Posted by admin On January - 19 - 2012

January 19th, 10:25 pm by Sam


(eToro Blog)  Wall Street rallied higher on the positive economic reports, and market sentiment was also improved on news that France and Spain reported largely successful debt auctions despite their downgraded rating. As of this writing, the Dow is up 30 points, and the Nasdaq is up 22 points. The S&P 500, which broke 1300 yesterday, is up 6 points at the time of this writing and, as expected, OpenBook traders are long on the SPX500 by a ratio of 3 to 1.

Traders on OpenBook are also primarily long on the Nasdaq (NSDQ100) with average limits at 2,820 and average stops at 2,700. OpenBook trader panchio62 recently opened a long position on NSDQ100 and is floating a profit of 16%. He has been correctly predicting the trend on the NSDQ100 over the past few days, booking 14% – 18% gains on the trades.

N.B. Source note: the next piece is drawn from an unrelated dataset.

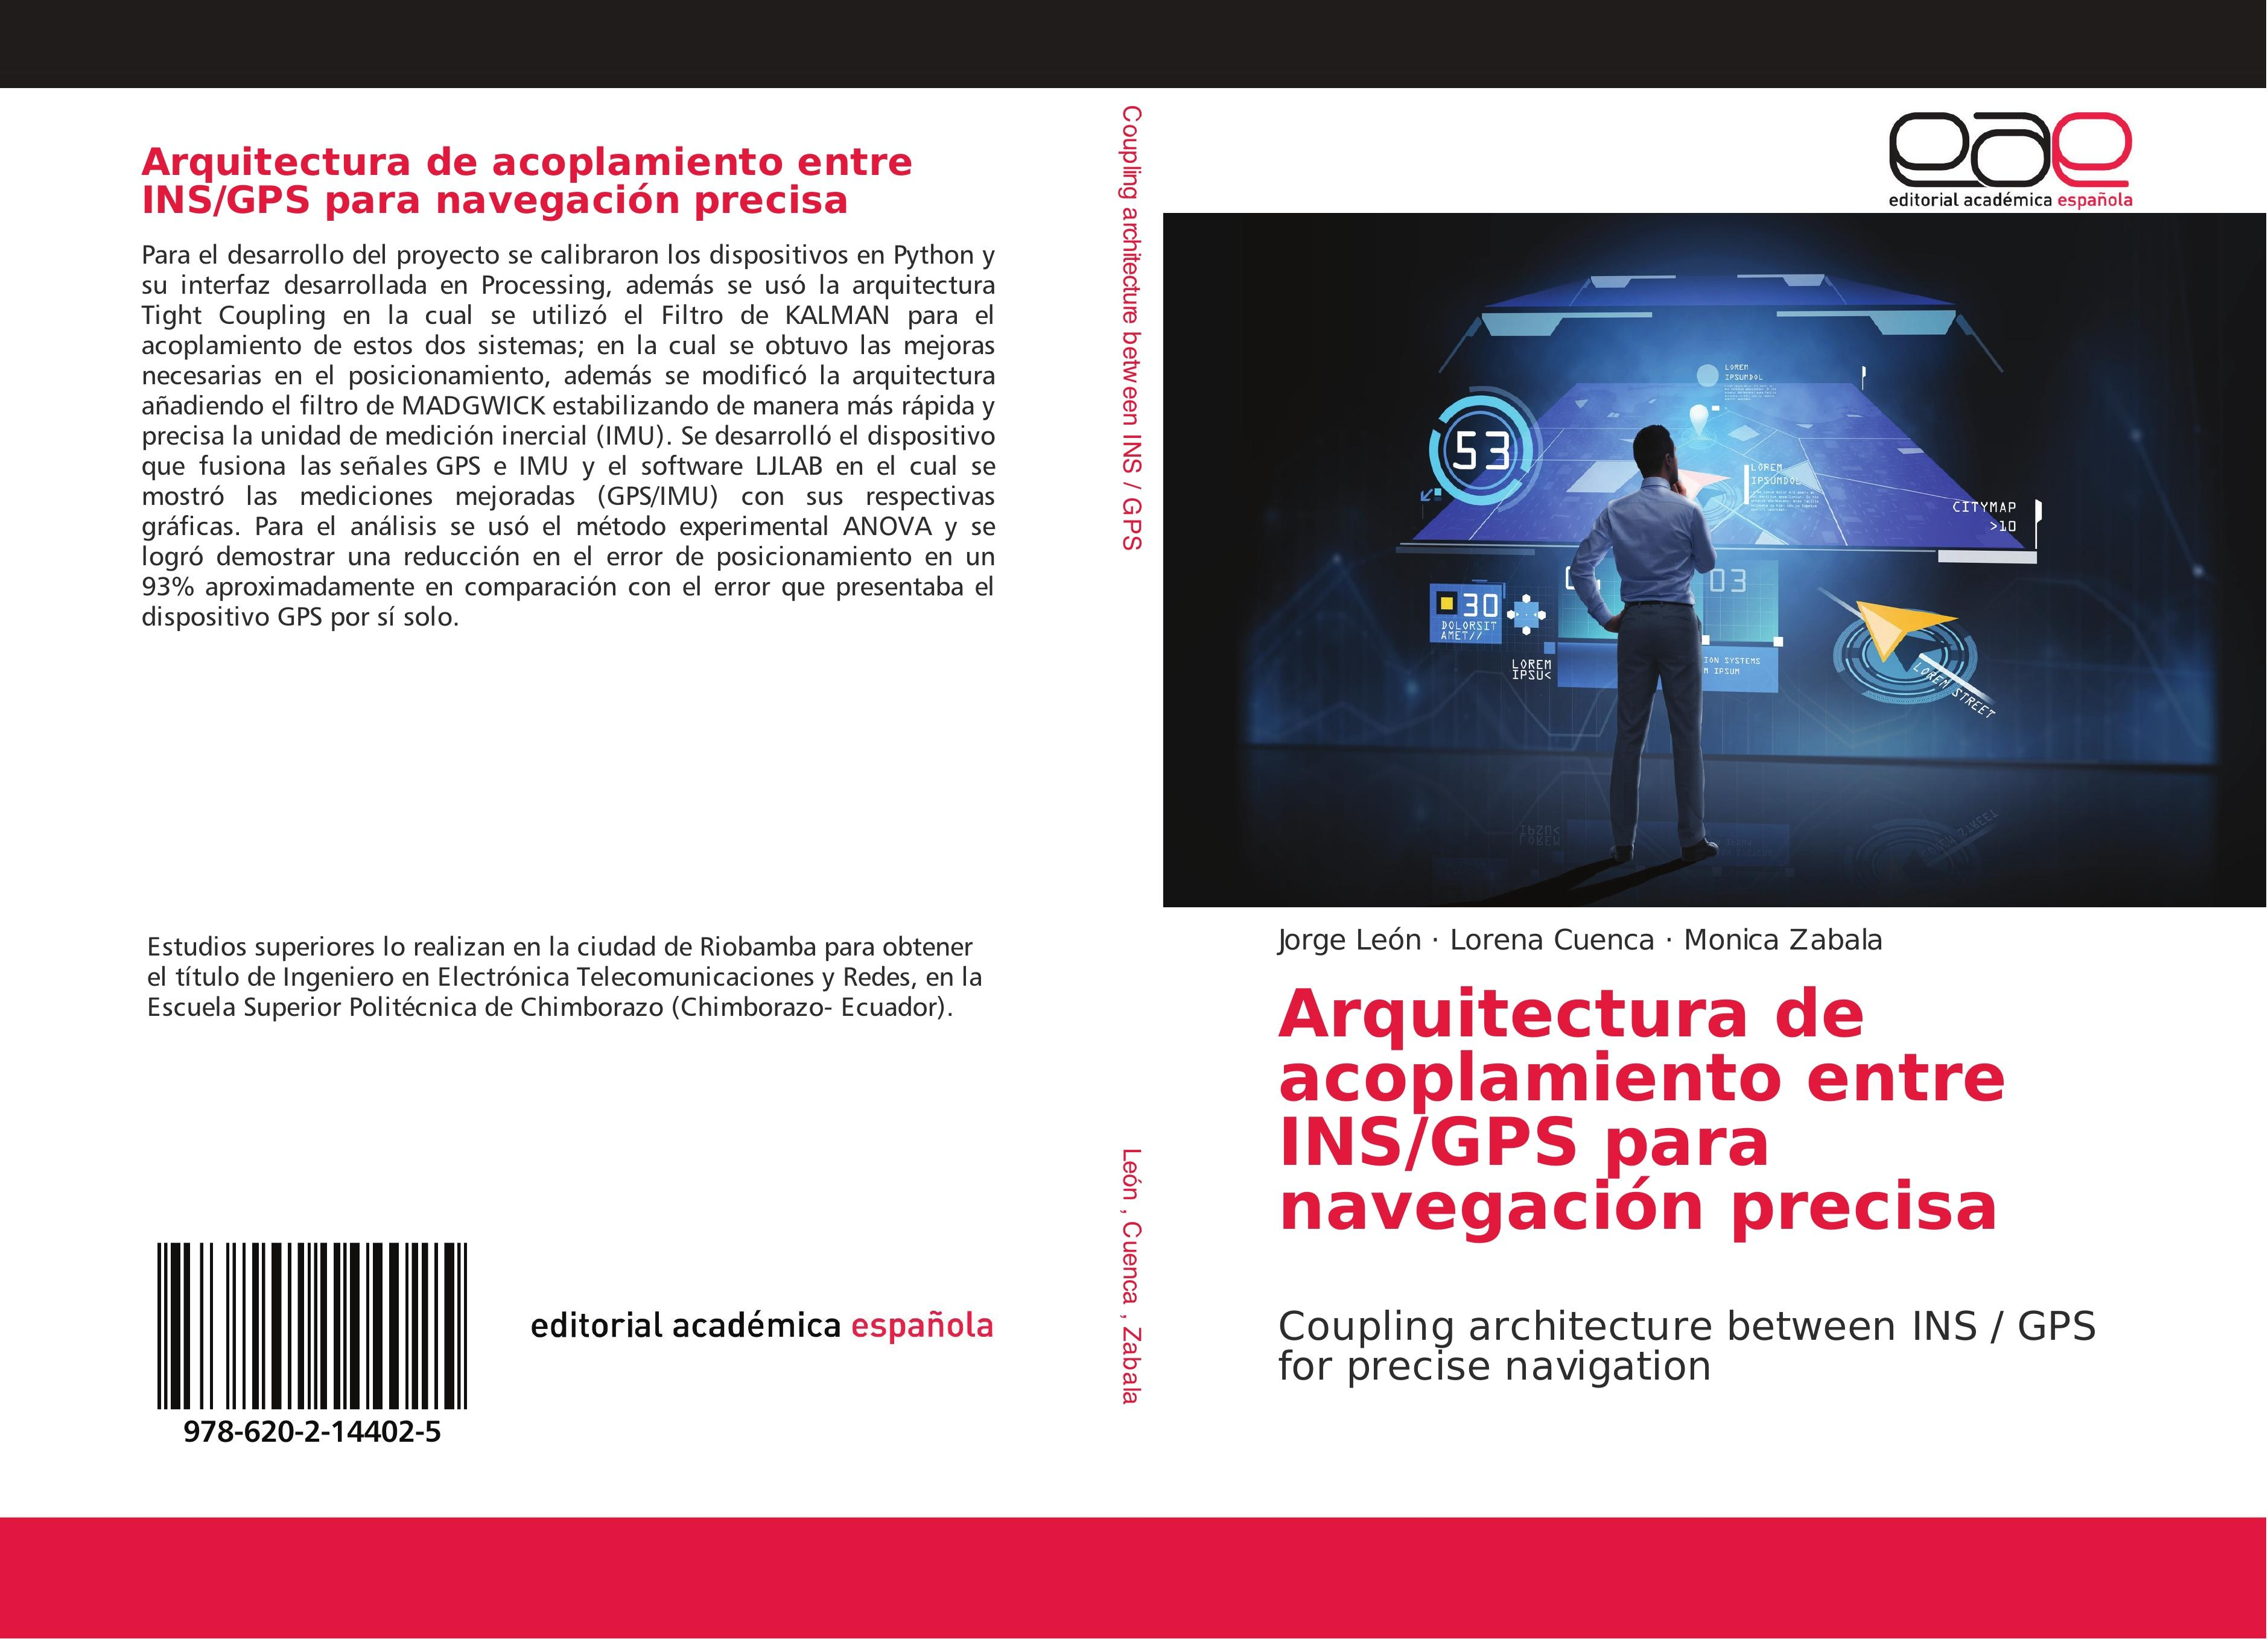 Arquitectura de acoplamiento entre INS/GPS para navegacin precisa  Coupling architecture between INS / GPS for precise navigation  Jorge Len  Taschenbuch  Paperback  Spanisch  2018 - Len, Jorge

The Philly Fed Manufacturing Index signaled a slight expansion in manufacturing activity in the Philadelphia area, rising to 7.3 in January from December’s 6.8. The Empire State Manufacturing index, released earlier this week, also showed an expansion in manufacturing activity in the New York region. While the growth has not been spectacular, it represents a positive shift among manufacturers who have been hardest hit by the 2008-2009 recession.

Consumer prices in the U.S. were unchanged in December according to the Labor Department and consumers had much to cheer about in the last five months of 2011 as commodity prices declined. Inflation pressures eased as energy prices came down due to slowdown in demand worldwide. The energy index dropped 1.3%, food prices, however, rose 4.3%. With demand for oil decreasing, and following comments made by President Obama on the Keystone Pipeline project, there had been an initial decline in oil prices. However, the latest release from EIA has helped to buoy oil stocks and prices, and eToro traders are predominantly long on oil.

As the last trading day of the week approaches, OpenBook traders like pyruss are watching to see whether the bull run will continue. Trader pyruss has had an incredible week with the Euro-Dollar but in a paraphrase of his earlier comments, once tomorrow is over he may revise his position as he prepares for “next weeks battle.”